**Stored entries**

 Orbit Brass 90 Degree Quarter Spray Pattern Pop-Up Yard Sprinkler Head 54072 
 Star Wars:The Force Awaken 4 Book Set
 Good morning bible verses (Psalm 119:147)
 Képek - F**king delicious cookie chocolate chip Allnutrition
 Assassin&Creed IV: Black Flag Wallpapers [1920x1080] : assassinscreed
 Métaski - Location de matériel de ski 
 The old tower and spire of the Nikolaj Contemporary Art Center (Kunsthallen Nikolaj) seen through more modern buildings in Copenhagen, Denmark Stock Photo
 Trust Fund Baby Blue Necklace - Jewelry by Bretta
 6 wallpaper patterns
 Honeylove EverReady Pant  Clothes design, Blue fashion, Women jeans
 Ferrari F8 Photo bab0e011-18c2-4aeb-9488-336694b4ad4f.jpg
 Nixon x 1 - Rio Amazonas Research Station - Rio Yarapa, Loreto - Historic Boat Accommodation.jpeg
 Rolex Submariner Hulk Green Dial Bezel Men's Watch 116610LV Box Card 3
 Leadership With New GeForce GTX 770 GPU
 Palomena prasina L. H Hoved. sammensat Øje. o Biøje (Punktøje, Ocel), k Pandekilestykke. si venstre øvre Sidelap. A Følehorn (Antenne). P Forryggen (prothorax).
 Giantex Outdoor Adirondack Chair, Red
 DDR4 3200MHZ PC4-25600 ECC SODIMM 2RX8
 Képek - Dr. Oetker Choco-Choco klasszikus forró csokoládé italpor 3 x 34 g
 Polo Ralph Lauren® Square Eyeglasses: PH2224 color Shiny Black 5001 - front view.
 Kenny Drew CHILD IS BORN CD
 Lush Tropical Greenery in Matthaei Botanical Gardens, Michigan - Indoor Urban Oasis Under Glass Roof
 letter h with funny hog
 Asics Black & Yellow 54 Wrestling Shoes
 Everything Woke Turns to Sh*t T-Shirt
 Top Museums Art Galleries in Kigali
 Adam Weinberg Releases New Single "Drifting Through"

**What you need to do**
Word search in the records above: please count the lines holding "Blue" and state the count alone.

**Output for this task**
2